13,7 MILLIARDS D’ANNÉES… OU BIEN RIEN ?
L’univers, dit-on aujourd’hui, est vieux d’environ 13 milliards d’années. Exactement 13, 7 milliards, va-t-on ajouter, pour se montrer précis. Or cette précision est illusoire. Pire, ou mieux : la connaissance ainsi affichée a tout d’un trompe-l’œil, ou même d’un piège. Elle porte en effet à croire, fort naïvement, que l’âge du monde possède une signification toute simple. Nous nous imaginons qu’il y eut un point de départ, une émergence, une apparition, puis une succession d’instants, mesurable, uniforme et constante. Bref, « un jour » commença le cosmos, et, depuis, le temps aurait passé… jusqu’à aujourd’hui.
Tout cela est faux. Pas un seul de ces termes ne tient. Parce qu’il n’y eut jamais d’horloge, déclenchée au « temps zéro » et qui serait encore en état de marche. Parce que l’existence même du temps est dépendante de l’observateur et de sa place, comme Einstein et la théorie de la relativité l’ont établi. Parce que cet âge supposé de 13,7 milliards d’années résulte d’une série d’hypothèses, et des calculs qu’elles permettent, mais en aucun cas d’une observation ni d’une certitude quelconques. Voilà ce qu’explique l’astrophysicien Marc Lachièze-Rey dans un essai sur L’Âge de l’univers. Son principal mérite : démonter nos mirages candides, les remplacer par des perplexités savantes.
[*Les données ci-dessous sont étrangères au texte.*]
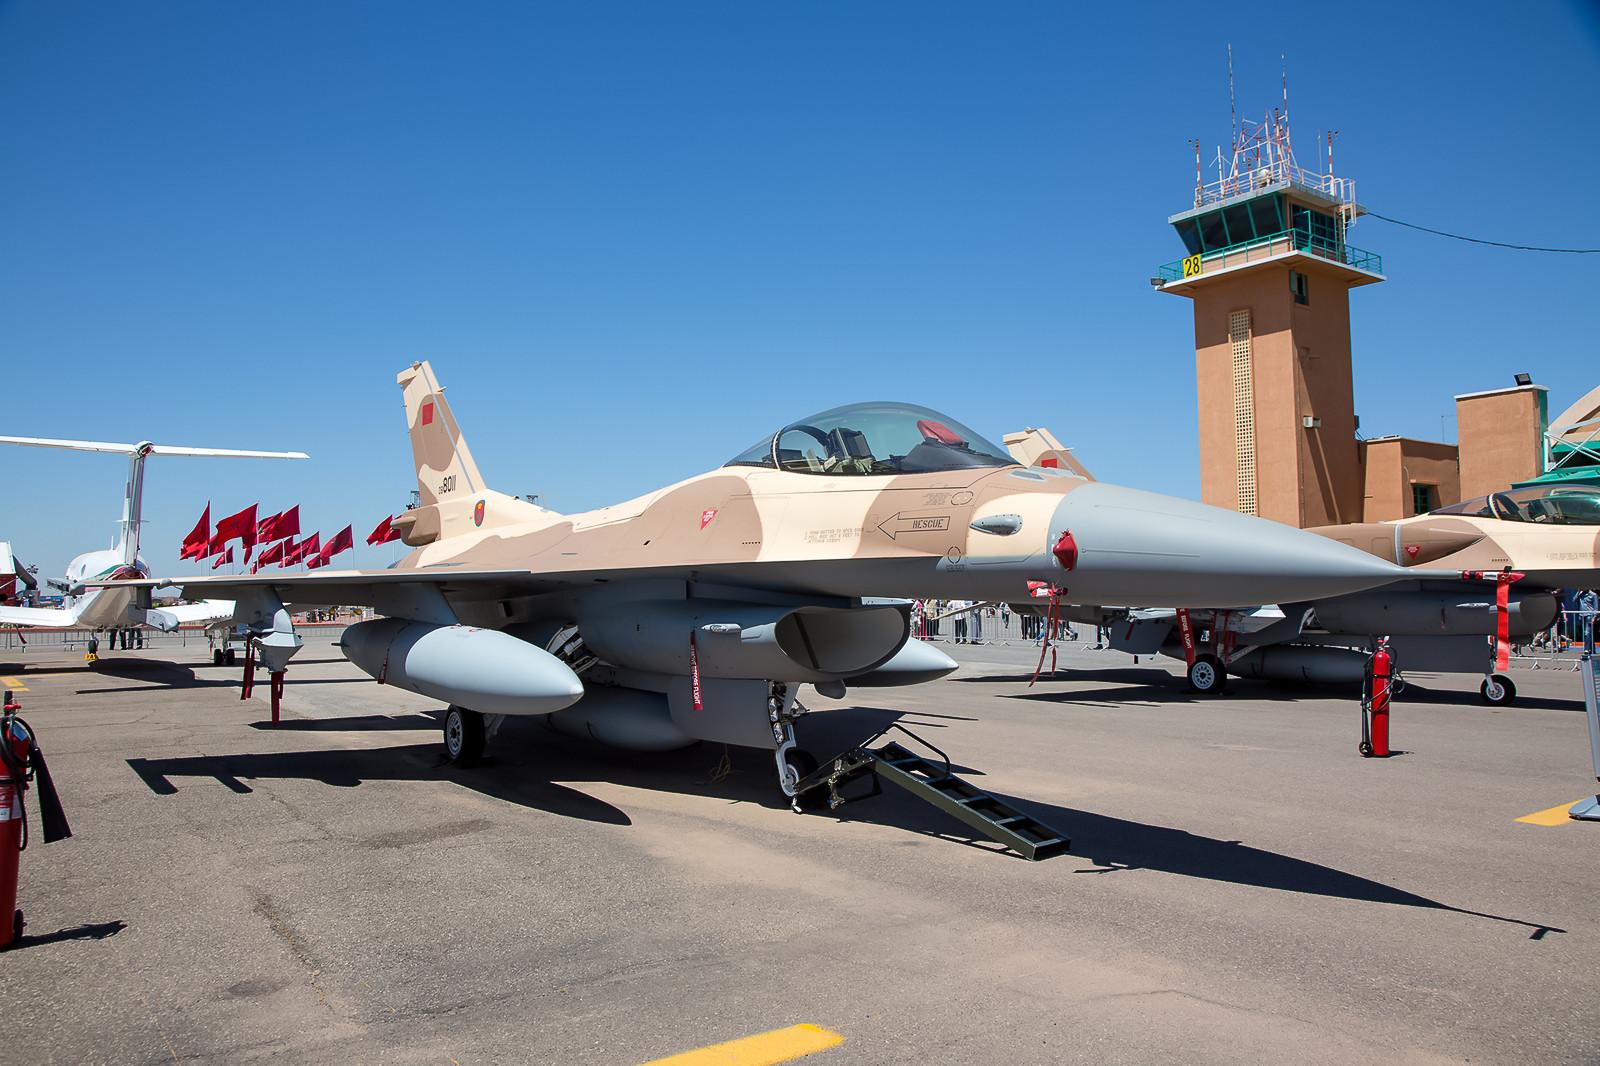 Relativ neu sind die F-16C/D Block 52 aus Ben Guerir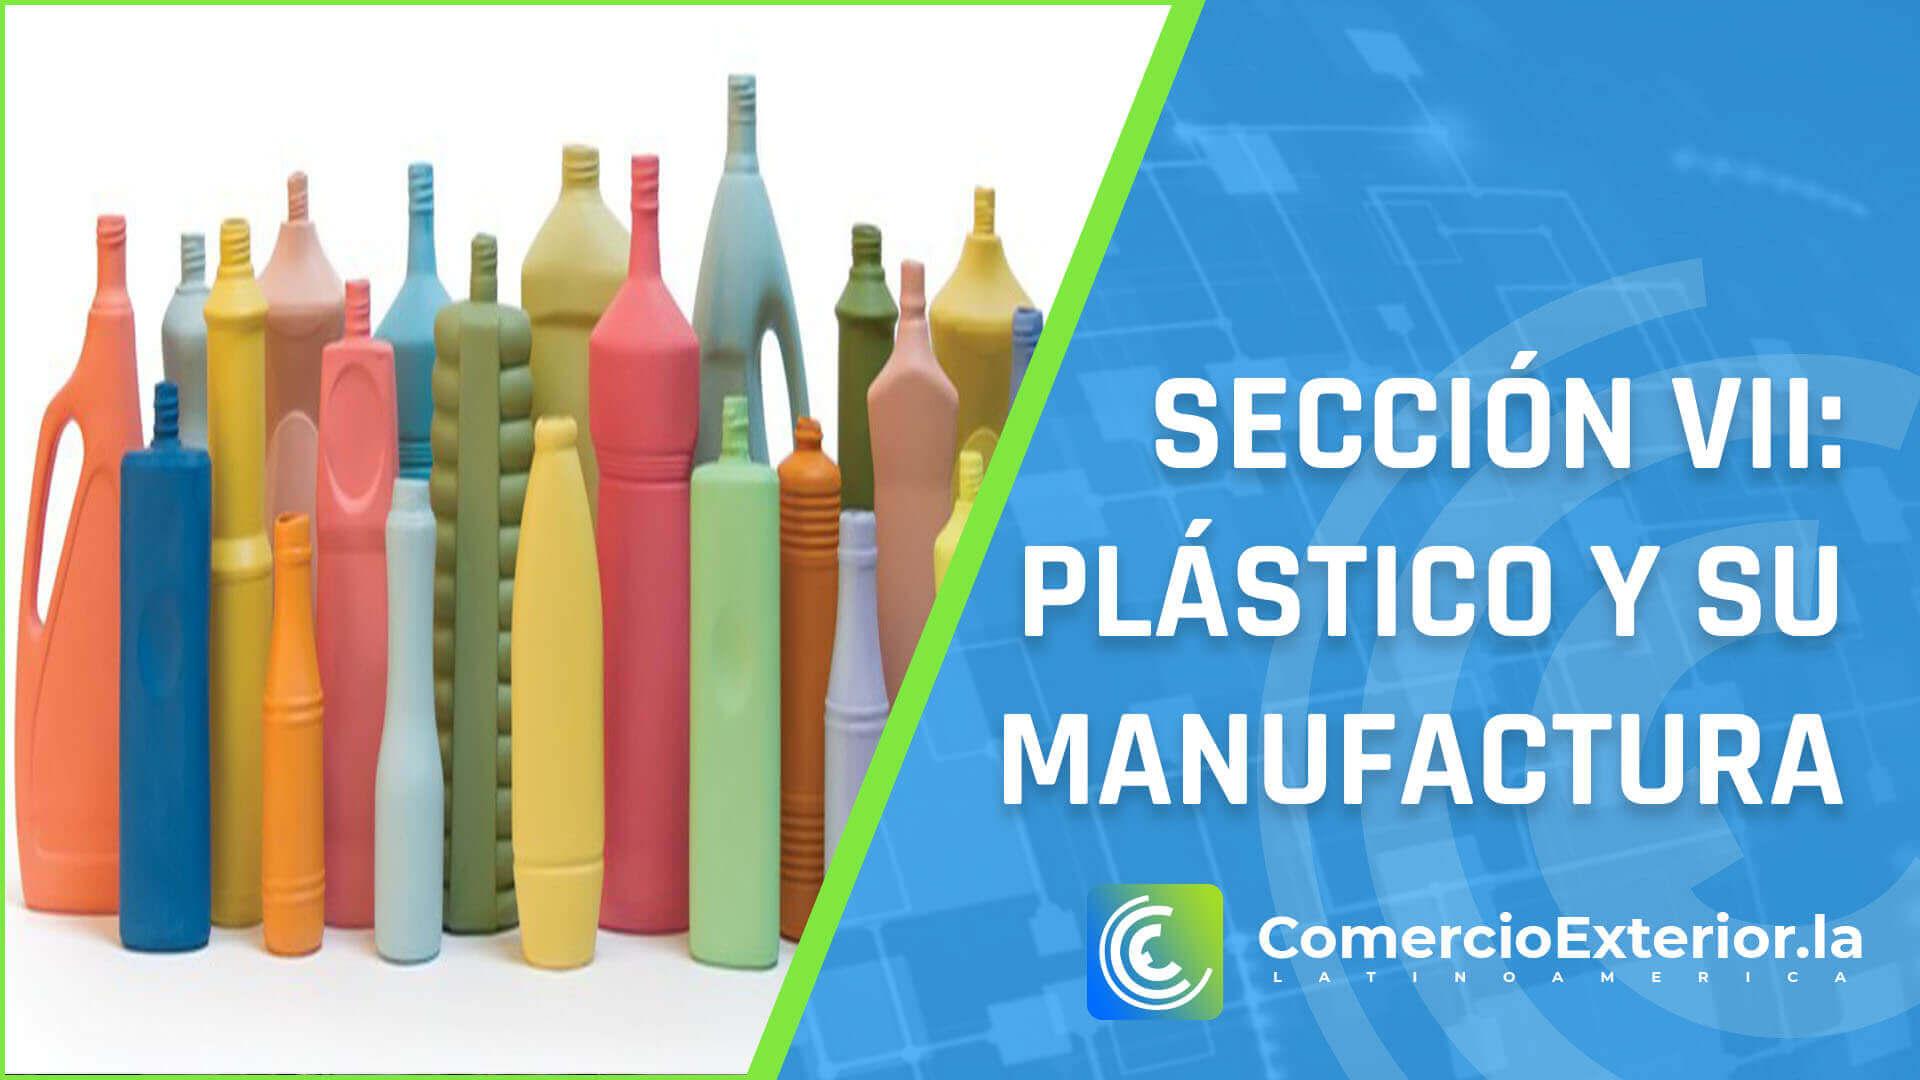 plástico y su manufactura

Spécialiste de la cosmologie, de son histoire, de ses relations aux concepts philosophiques, ce directeur de recherche émérite au CNRS a plusieurs ouvrages de vulgarisation à son actif. Il rappelle d’abord, dans ce nouvel opus, combien la question même de l’âge de l’univers est récente. Les Anciens se souciaient des mouvements des astres, mais jamais de leur date de naissance. Pareille interrogation était totalement exclue, puisque le cosmos, chez les Grecs, était le plus souvent considéré comme éternel et incréé. Il faut attendre 1650, et l’archevêque anglican James Ussher pour que l’état-civil enregistre la date de naissance du cosmos : selon l’honorable prélat, qui a scruté la Bible et ses générations successives, c’est en 4004 avant Jésus-Christ, le 23 octobre, à 9 h du soir, que le monde apparut.
La saga scientifique moderne commence à peine plus tard, avec les Principia de Newton, en 1687, puis les calculs des paléontologues du XIXe siècle, et surtout le changement de paradigme de la relativité, qui a conduit aux théories du « Big Bang ». Marc Lachièze-Rey retrace, en termes simples, le cheminement de ces révolutions mentales, en insistant notamment sur le rôle du chanoine-astronome Georges Lemaître (1894-1966), l’un des artisans décisifs du scénario de l’expansion de l’univers et de sa datation.
L’utilité de ce rappel n’est pas seulement historique, mais aussi philosophique. Car il permet de comprendre ce point qui n’a rien d’évident : l’âge de l’univers ne correspond à aucune durée physique, et se réfère uniquement au « temps cosmique », lequel ne se mesure pas et se calcule seulement en fonction de modèles théoriques. Il ne correspond donc à rien de factuel, au sens habituel du mot. Ce temps et cet « âge » ne supposent même pas que l’univers ait commencé.
Somme toute, ces milliards d’années sont presque du vent. Encore faut-il comprendre d’où il vient, comment il souffle. Cela implique bien des remises en causes conceptuelles, où se confrontent et se combinent l’instantané et l’éternel, la durée et le hors-temps, et tous les paradoxes dont le temps se nourrit. Il y a belle lurette que la physique est devenue, en grande partie, un jeu d’idées.